Siswa diminta menyimpulkan apa bangun yang simetris, sumbu simetri dan pencerminan. Guru melakukan refleksi

D. Kaitannya dengan Karakteristik PMRI 1. Menggunakan masalah kontekstual

peneliti menggunakan konteks kertas yang diambil dari buku tulis siswa itu sendiri. 1. Menggunakan model yang menekankan penyelesaian secara informal sebelum menggunakan cara formal atau rumus

Pada penelitian ini, peneliti menggunakan alat peraga berupa kertas lipat, papan berpaku. 1. Menghargai ragam jawaban dan kontribusi siswa

Peneliti menghargai ragam jawaban siswa dengan tidak langsung menyalahkan jawaban siswa. Kontribusi siswa dalam penelitian ini sangat besar sekali.
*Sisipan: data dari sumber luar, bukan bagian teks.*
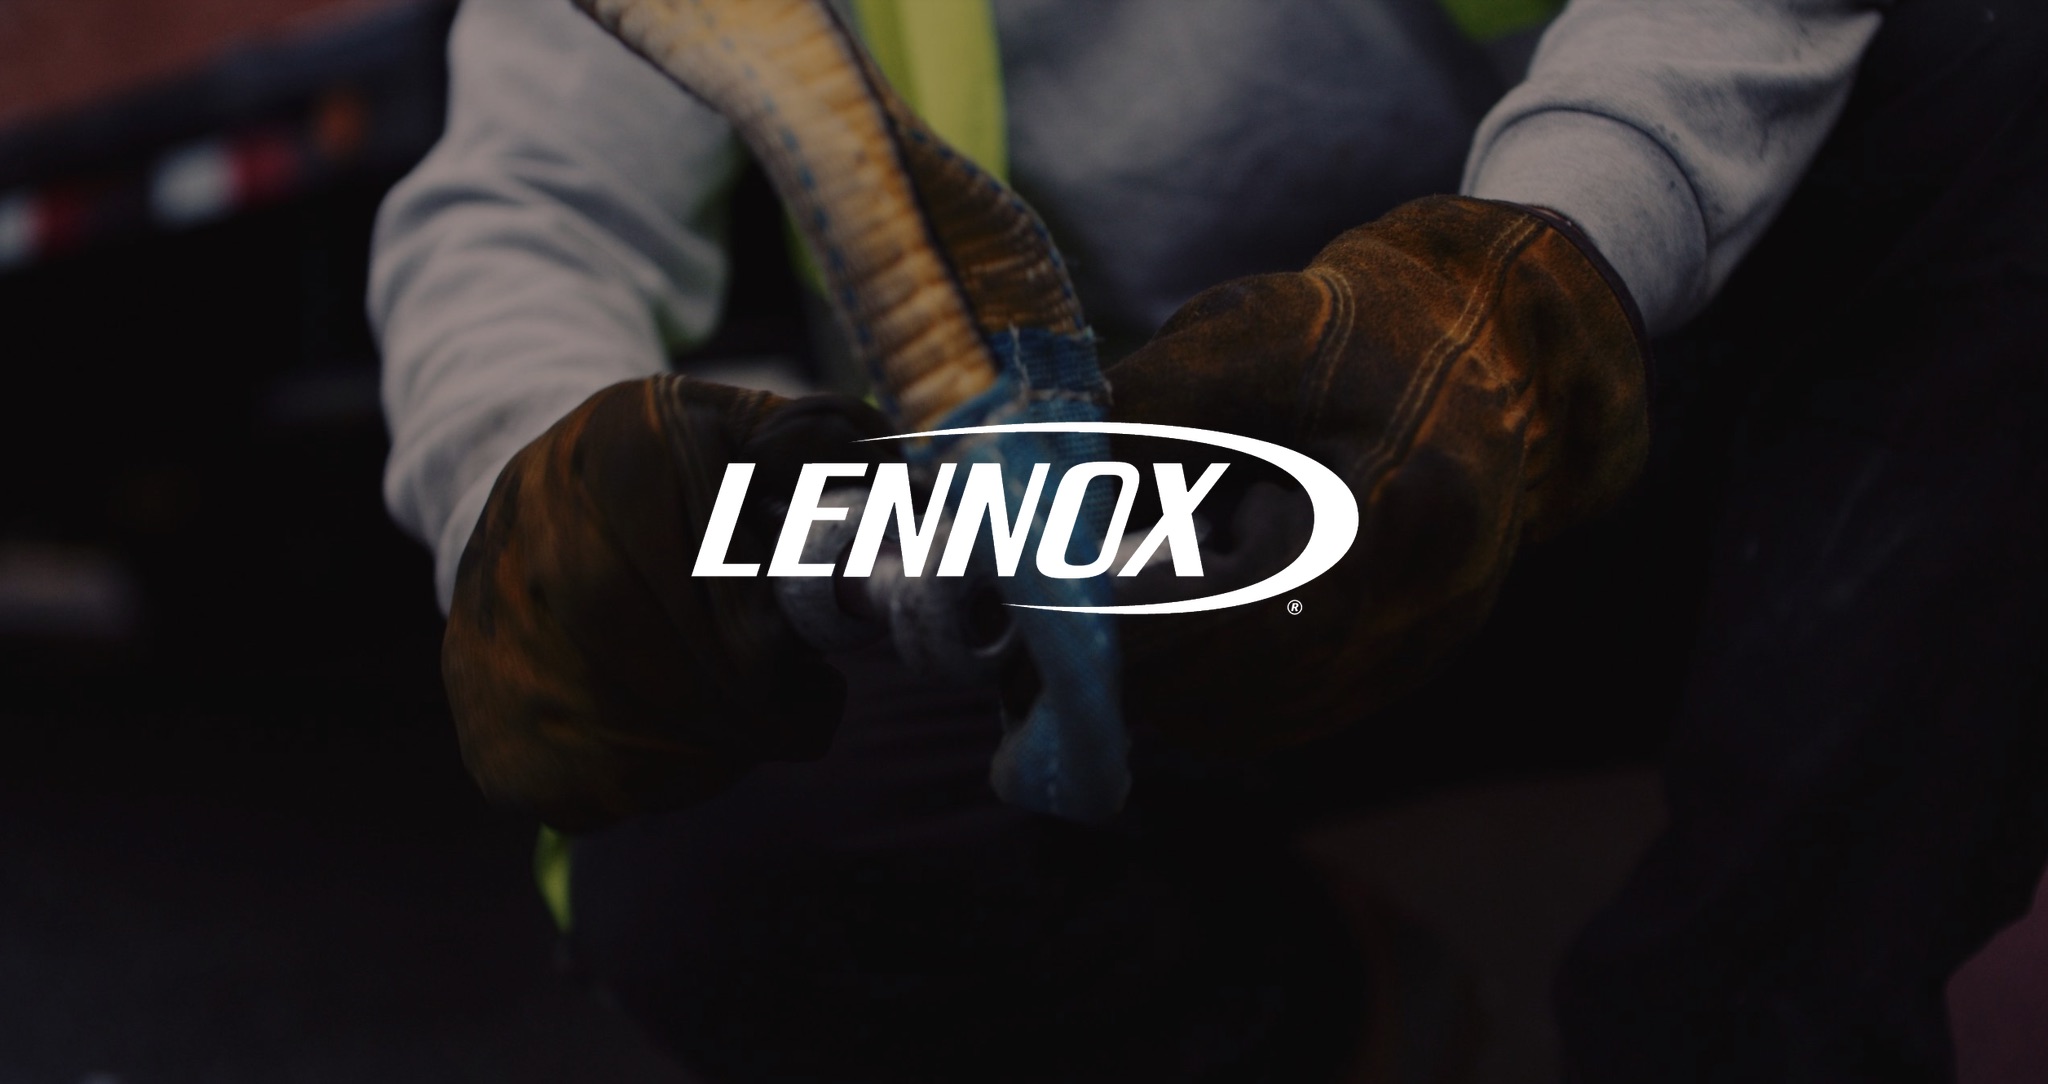 IU C&I Studios Page Lennox Heating & Cooling White Lennox logo with background closeup of leather gloved hands working with fastener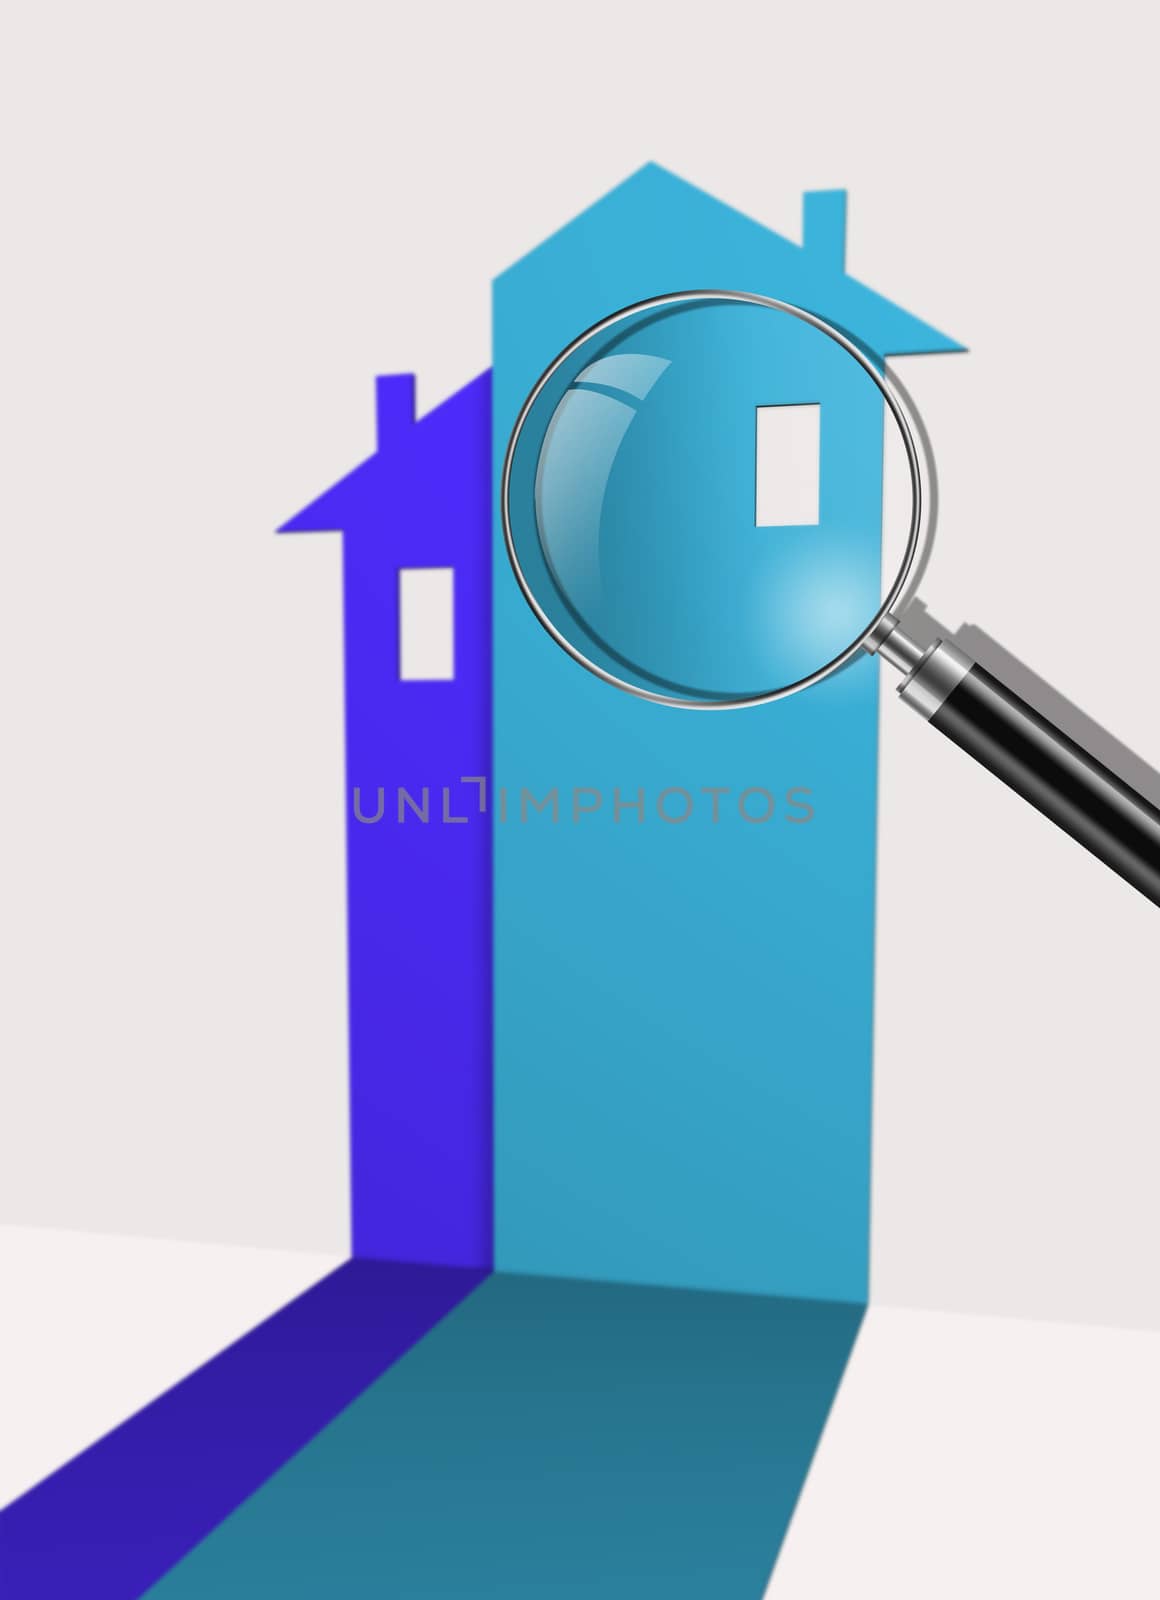 Real estate symbol icon made in 3d software

Dimana siswa membuat bangun-bangun datar, mengerjakan latihan dan sebagainya. 1. Interaktivitas

Terjadi interaktivitas antara siswa ke siswa , siswa ke guru dan guru ke siswa. Hal ini dapat dilihat dari saat siswa mengajukan pertanyaan pada peneliti, siswa bekerja sama dalam kelompok dan sebagainya. 1. Terintegrasi dengan topik pembelajaran lainnya

Materi ini berhubungan dengan bentuk- bentuk bangun datar dan simetri lipat serta menggambar.

E. KESIMPULAN

Dari penelitian yang dilakukan di kelas IV.c maka peneliti dapat menyimpulkan: 1. Siswa lebih mudah memahami dan mengerti materi yang akan dipelajari dengan adanya proses mengalami sendiri kegiatan pembelajaran tersebut. 2. Dengan adanya model (benda) yang sudah dikenal siswa akan lebih membantu siswa dalam memahami konsep. 3. Dengan belajar secara berkelompok, dapat membatu menumbuhkan rasa gotong royong dalam menyelesaikan suatu masalah dan dapat menghargai pendapat teman. 4. Siswa merasakan bahwa pelajaran matematika itu sangat menyenangkan.